Of course, this usage is extremely imprecise: one man's #2 is another man's #4, and there's no clear way to settle the debate. Taken literally, a pitcher's position in the rotation depends entirely on context: Zach Miner, the fifth-best starter on last year's Tigers, had a lower ERA than any regular starter for the Royals.


My biggest beef with this kind of talk is that it invariably overestimates just how good pitchers should be. Ask most fans to list you some #1 starters and you might get 15 aces out of them; within the 30 top pitchers in baseball, there are some names that don't seem to fit.

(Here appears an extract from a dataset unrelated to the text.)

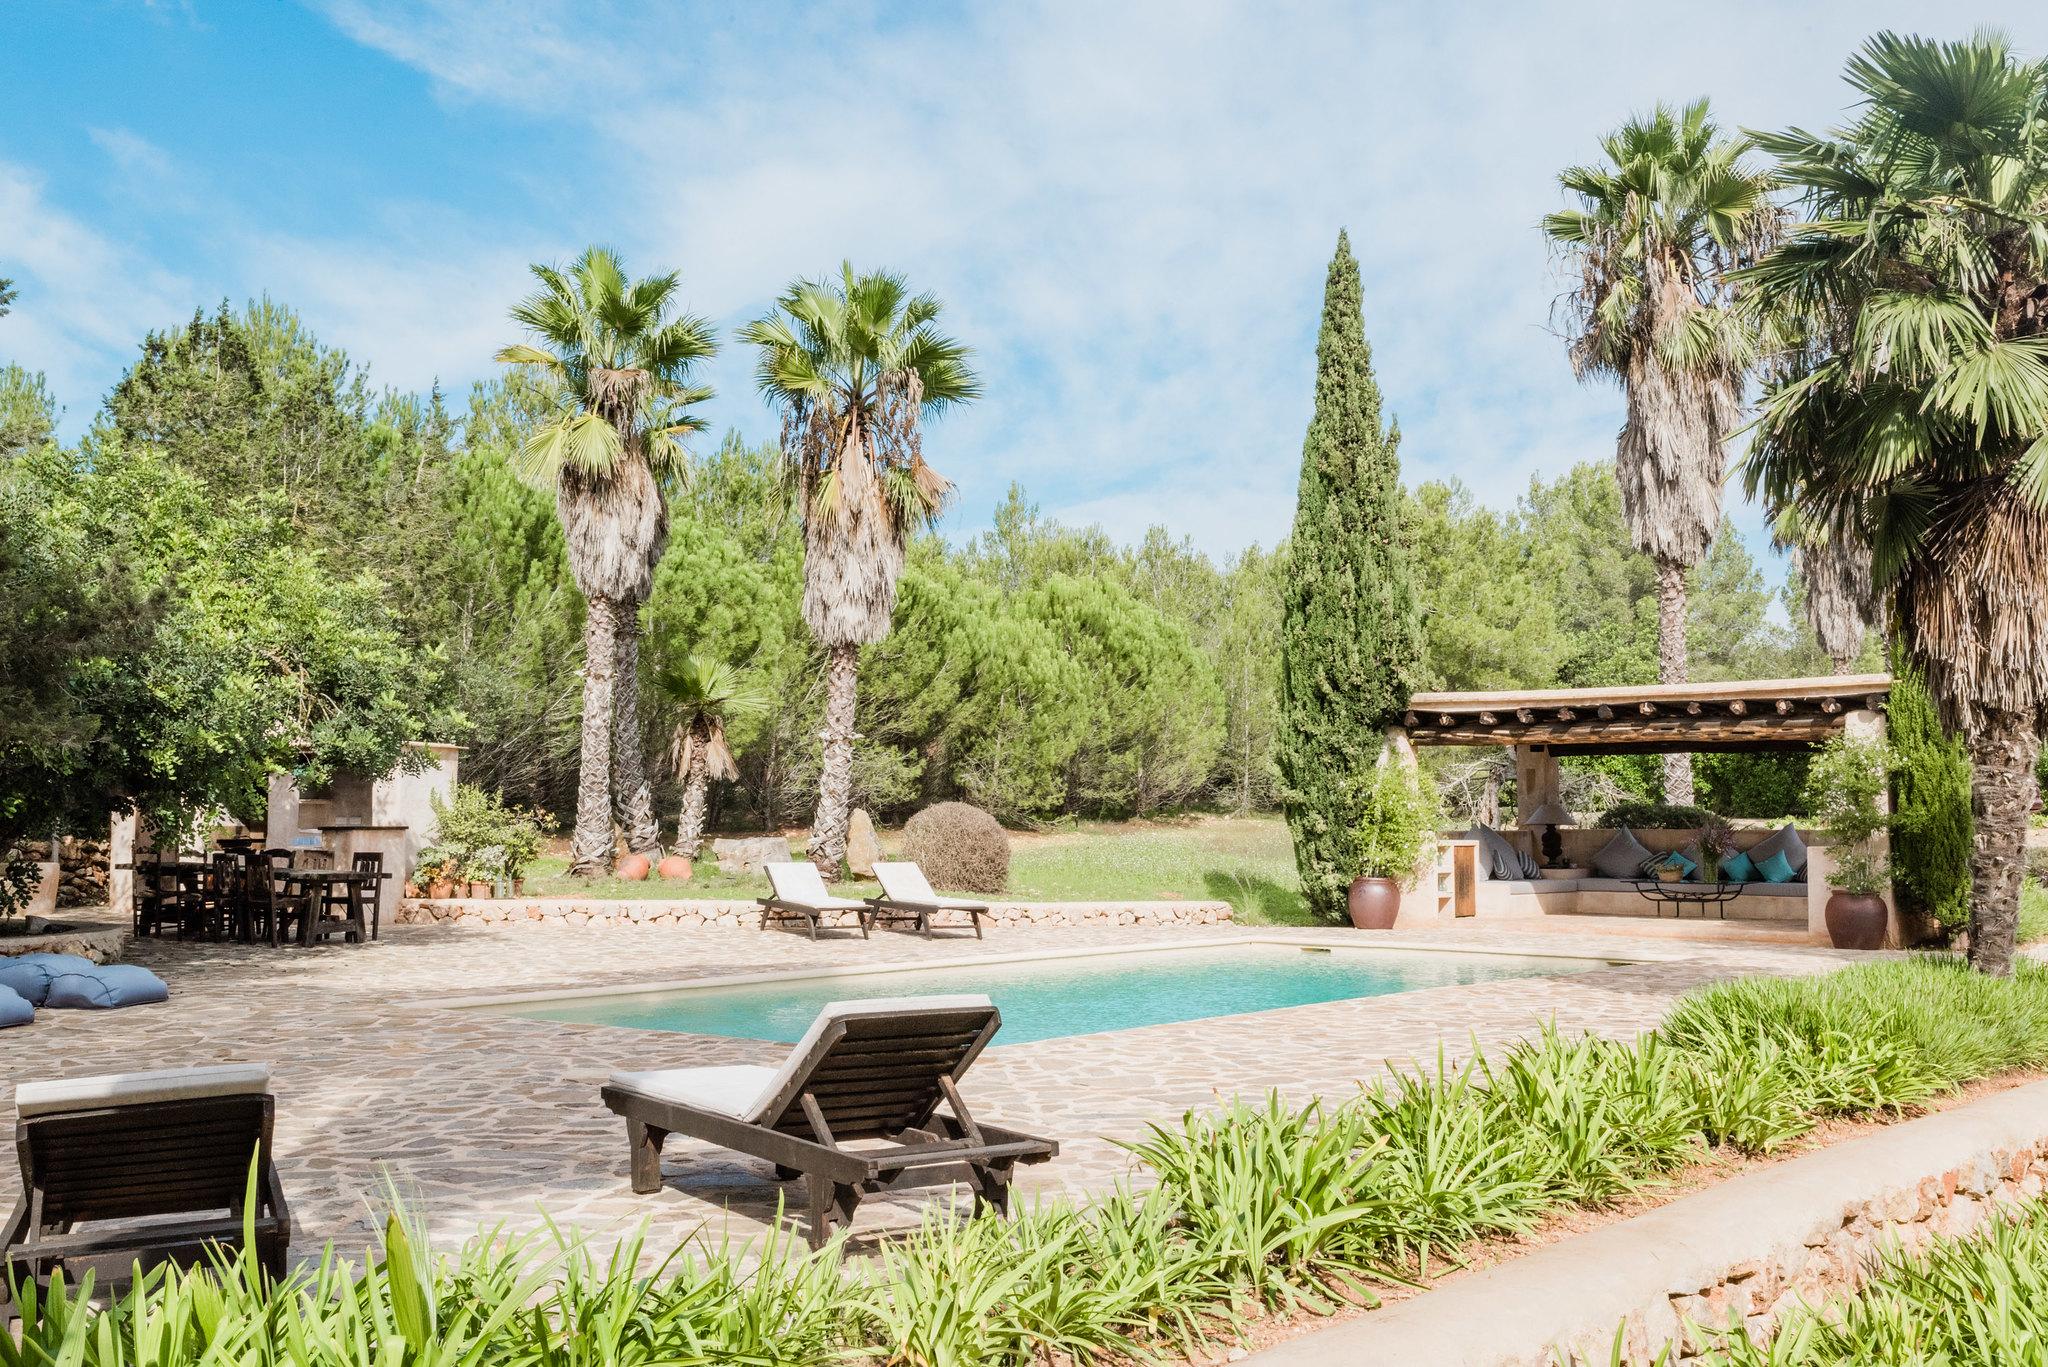 https://www.white-ibiza.com/wp-content/uploads/2020/05/white-ibiza-villas-can-sabina-exterior-sunloungers.jpg

Practically speaking, that means there aren't enough #1 starters to go around. Ignoring for the time being that Luke Hudson was the best starter on his team, that top 30 list still includes names such as John Lackey, Chris Capuano, and Jason Jennings.


Further complicating the situation is the prevalence of pitcher injuries. Ben Sheets is one of those big-name aces, but while the Brewers planned for him to be their #1 guy last year, it was more frequently Capuano at the top of the rotation. The injury effect on the entire rotation is even more dramatic: many teams have to get thirty or more outings out of replacements. For instance, John Rheinecker, Carlos Marmol, and Joe Saunders each started 13 games last year.


The result of all of those injuries: the guy you sign as your #4 starter becomes your #3 guy, and your swingman enters the rotation for a month. An above-average rotation can look outstanding if everyone stays healthy: think of the 2006 Tigers (Jeremy Bonderman, Kenny Rogers, Nate Robertson, and Justin Verlander), or more dramatically, the 2003 Mariners, for whom five pitchers started all 162 games.


How Good is your 4th SP?


This is an excellent article on the differing values and expected performance of SP 1-5. The bar has been set lower and lower to the point that the average 5th starter posts an ERA OVER 6. Follow the link for the rest.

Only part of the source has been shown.